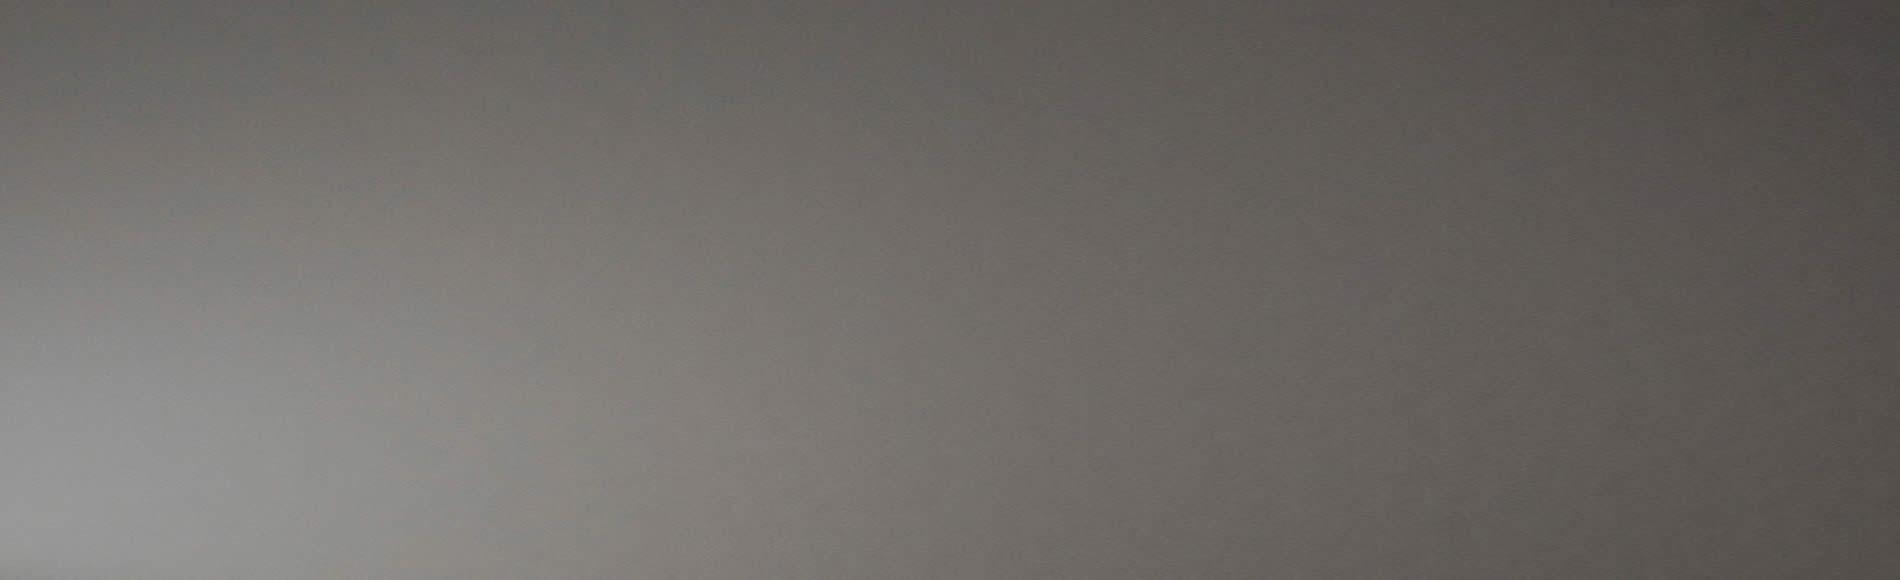 grey-background
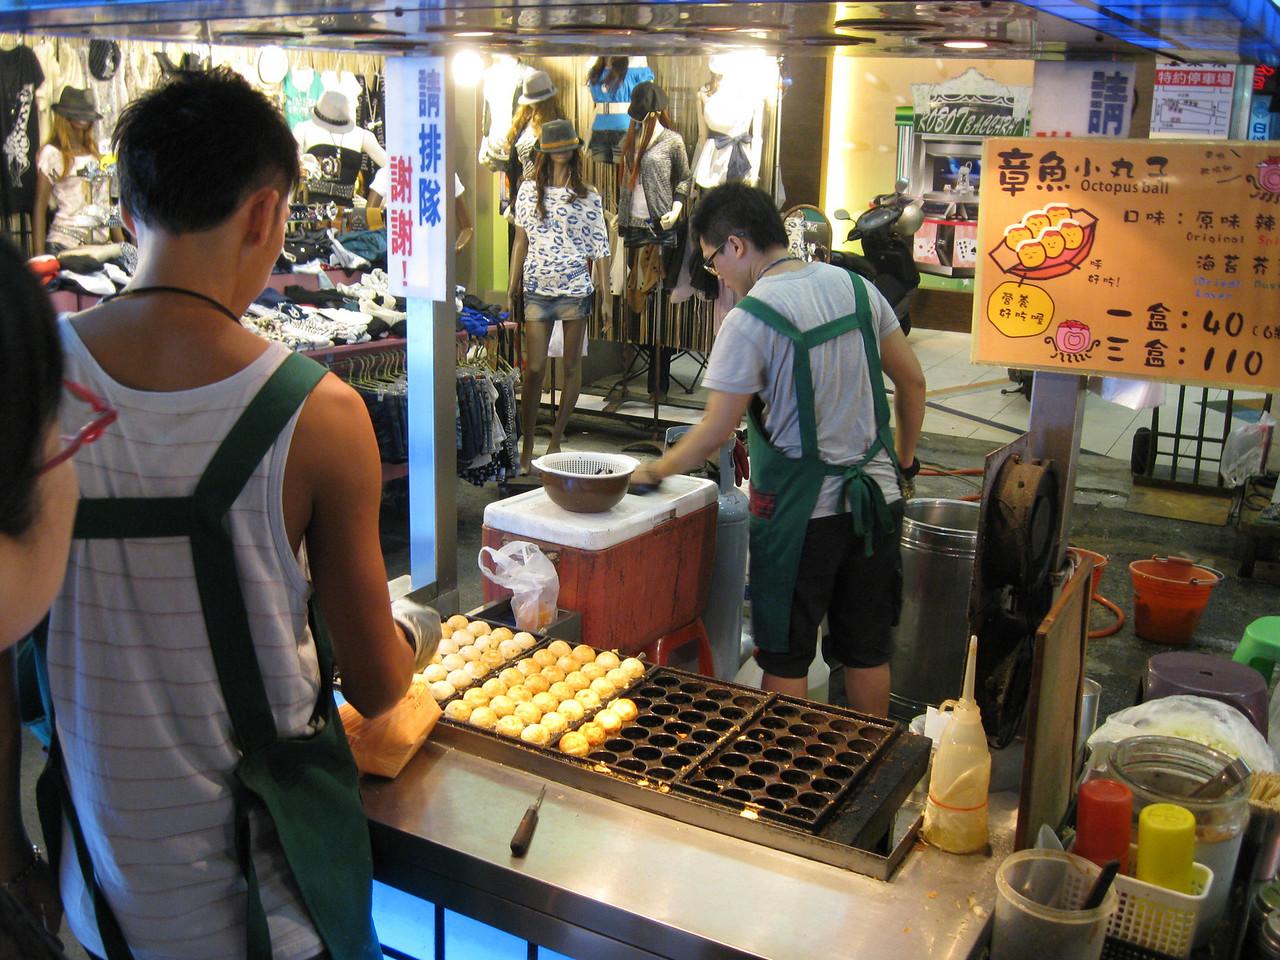 Octopus balls at the Liuhe Night Market
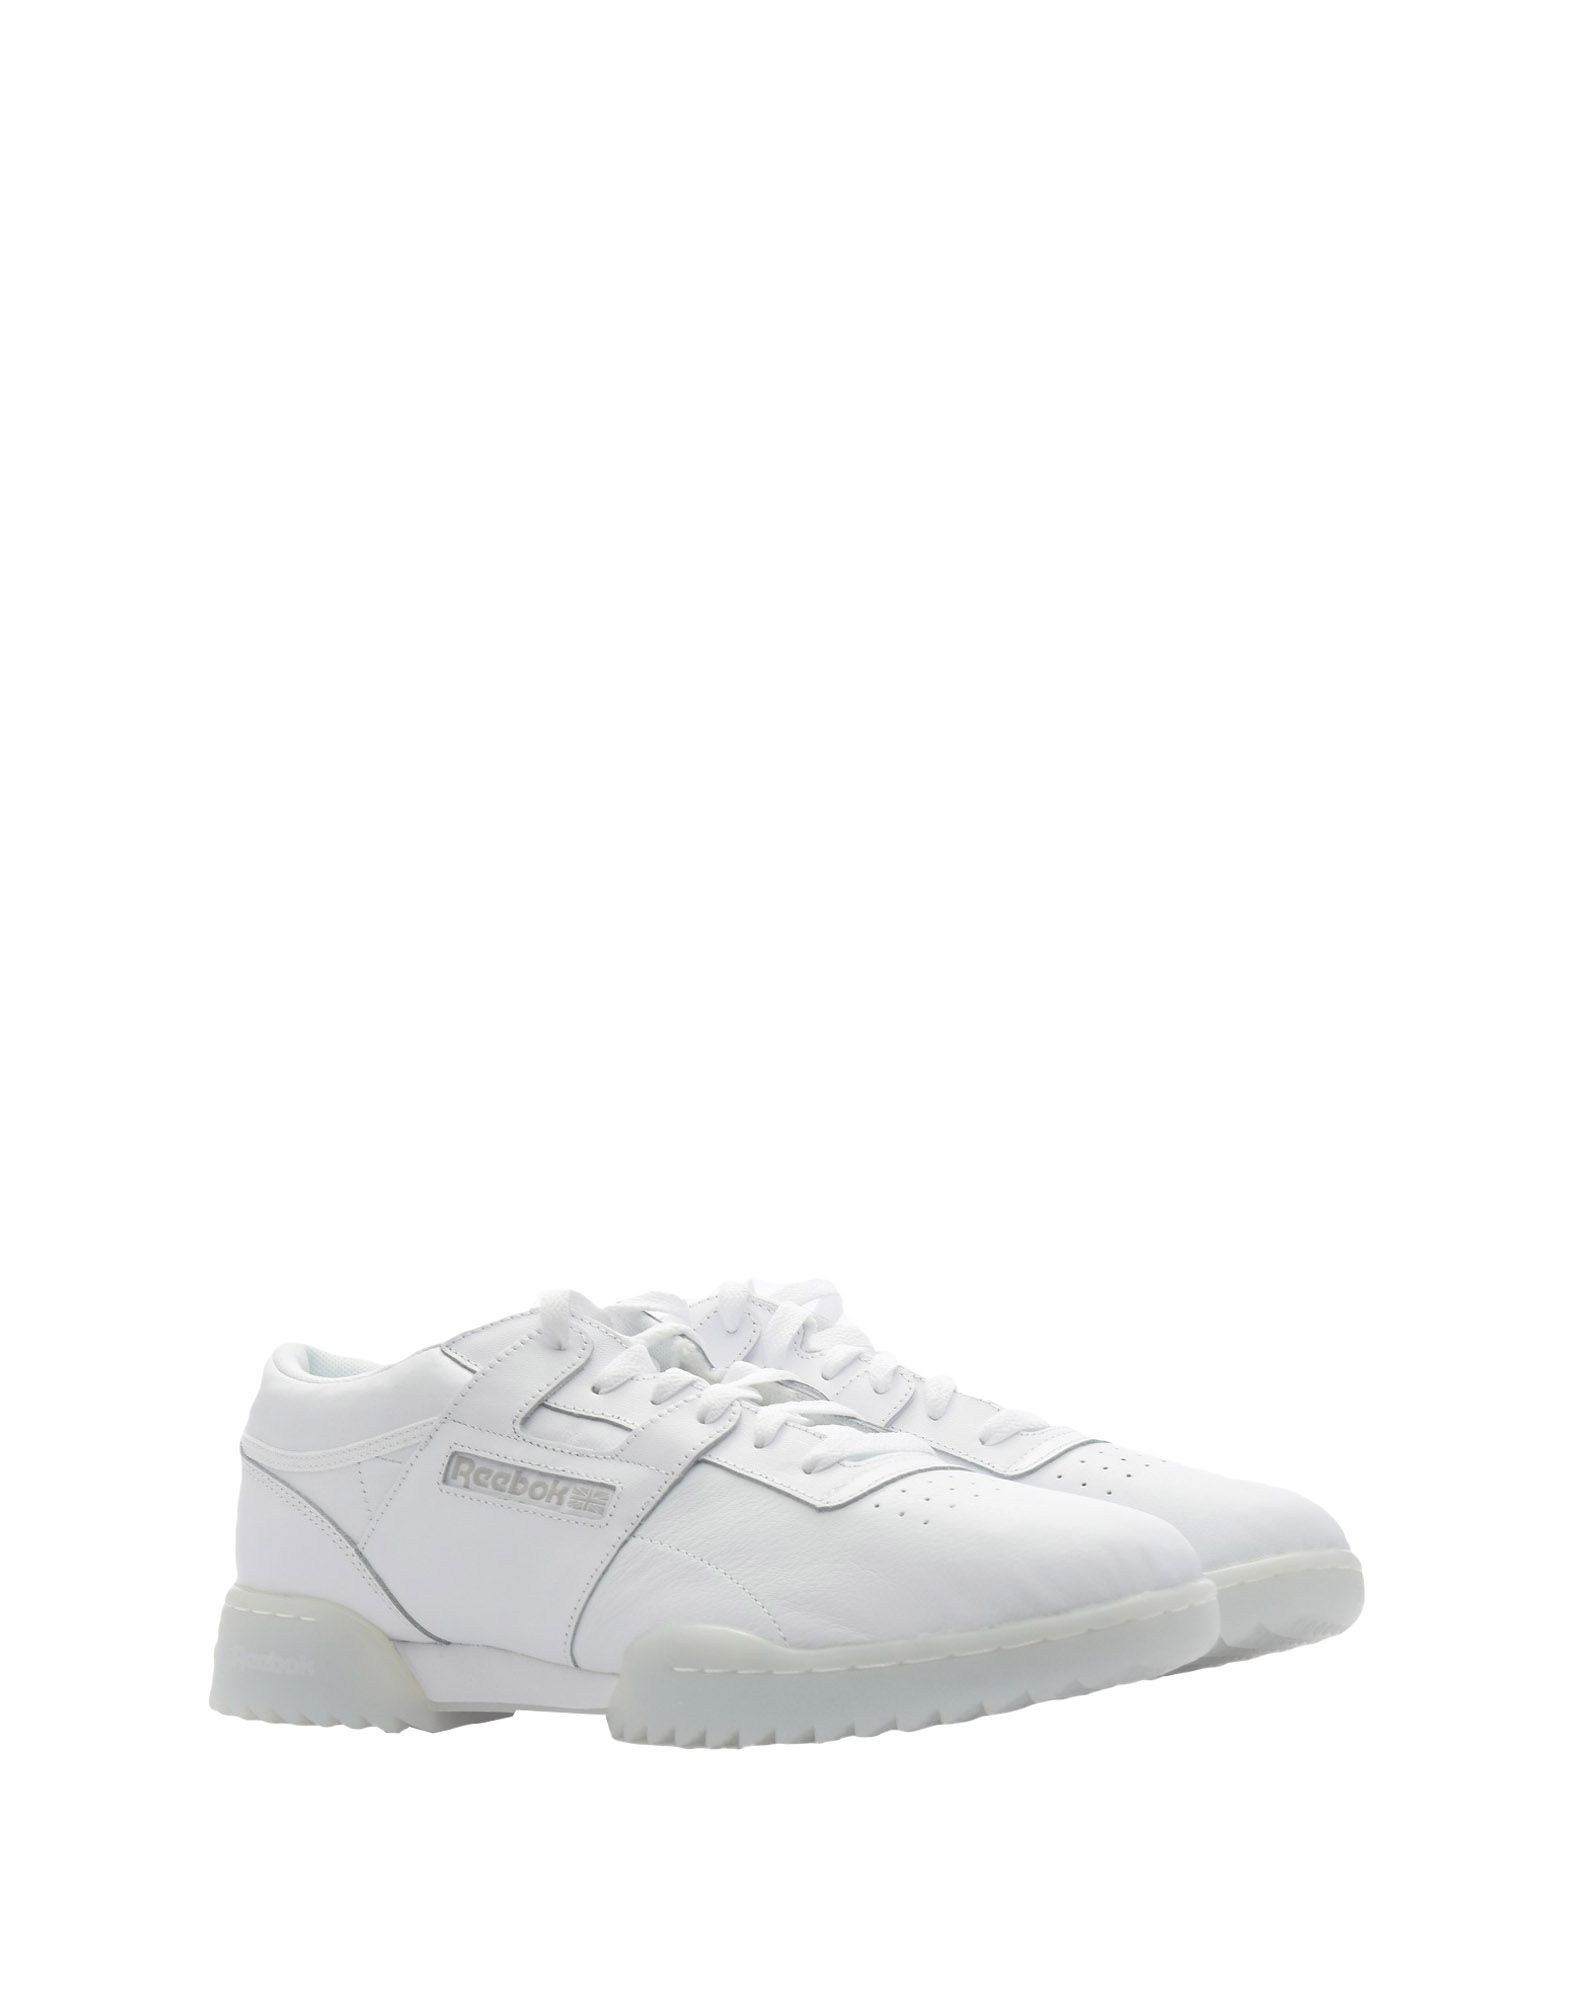 Sneakers Reebok Workout Clean Ripple - Homme - Sneakers Reebok sur
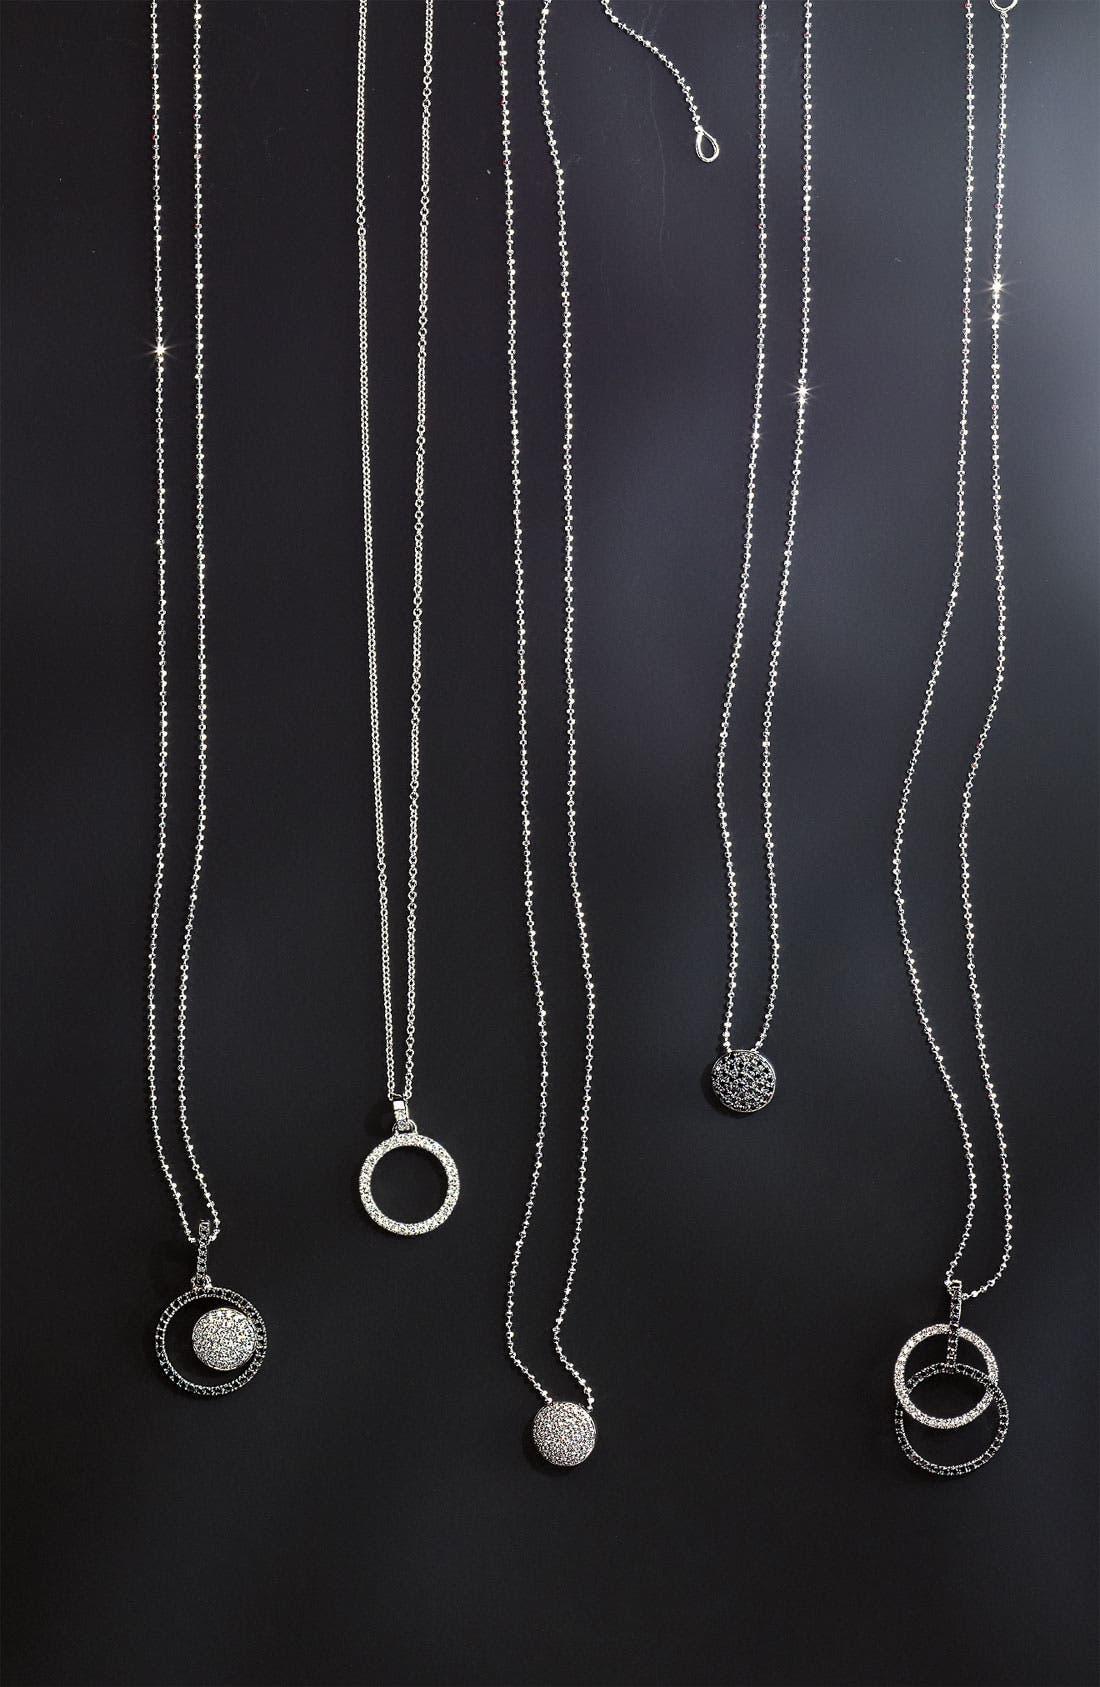 Alternate Image 2  - Bony Levy 'Eclipse' Open Circle Diamond Pendant Necklace (Nordstrom Exclusive)
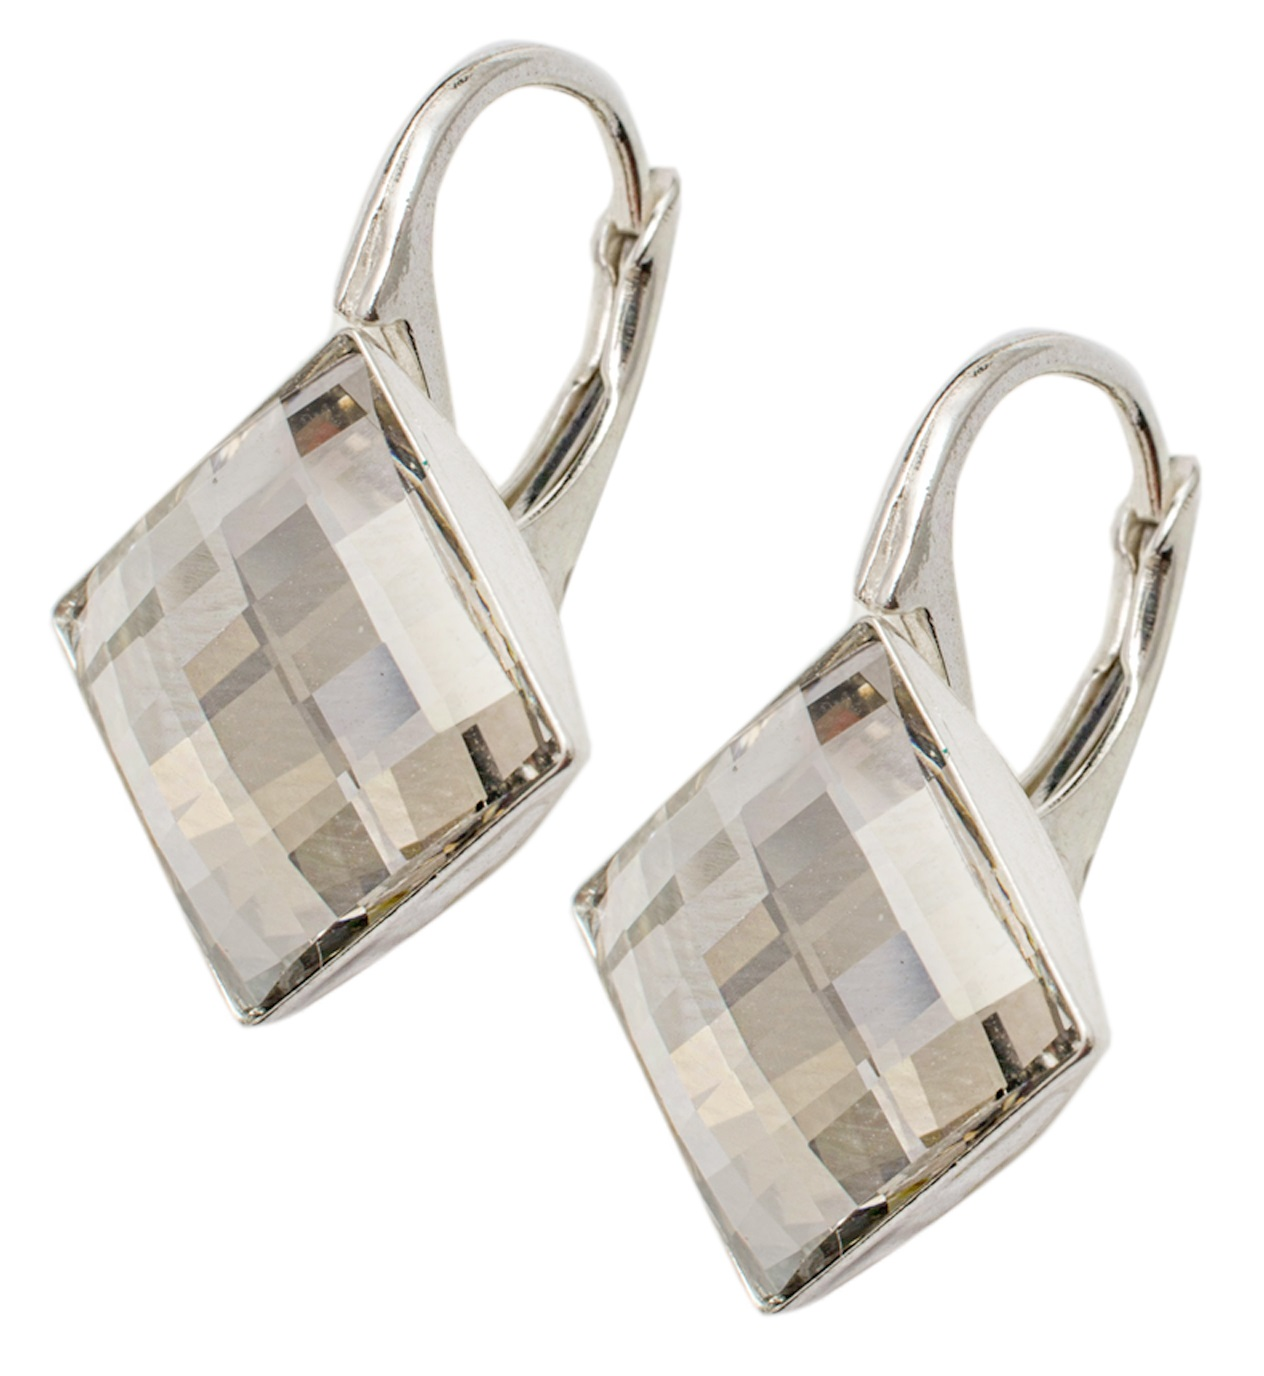 Cercei Argint Cu Swarovski Elements BeSpecialro

WORK TO BE COMPLETED: For the records above, give every line again exactly and skip the pictures.

EXERCISE RESPONSE:
 grey-background
 Octopus balls at the Liuhe Night Market
 Sneakers Reebok Workout Clean Ripple - Homme - Sneakers Reebok sur
 Alternate Image 2  - Bony Levy 'Eclipse' Open Circle Diamond Pendant Necklace (Nordstrom Exclusive)
 Cercei Argint Cu Swarovski Elements BeSpecialro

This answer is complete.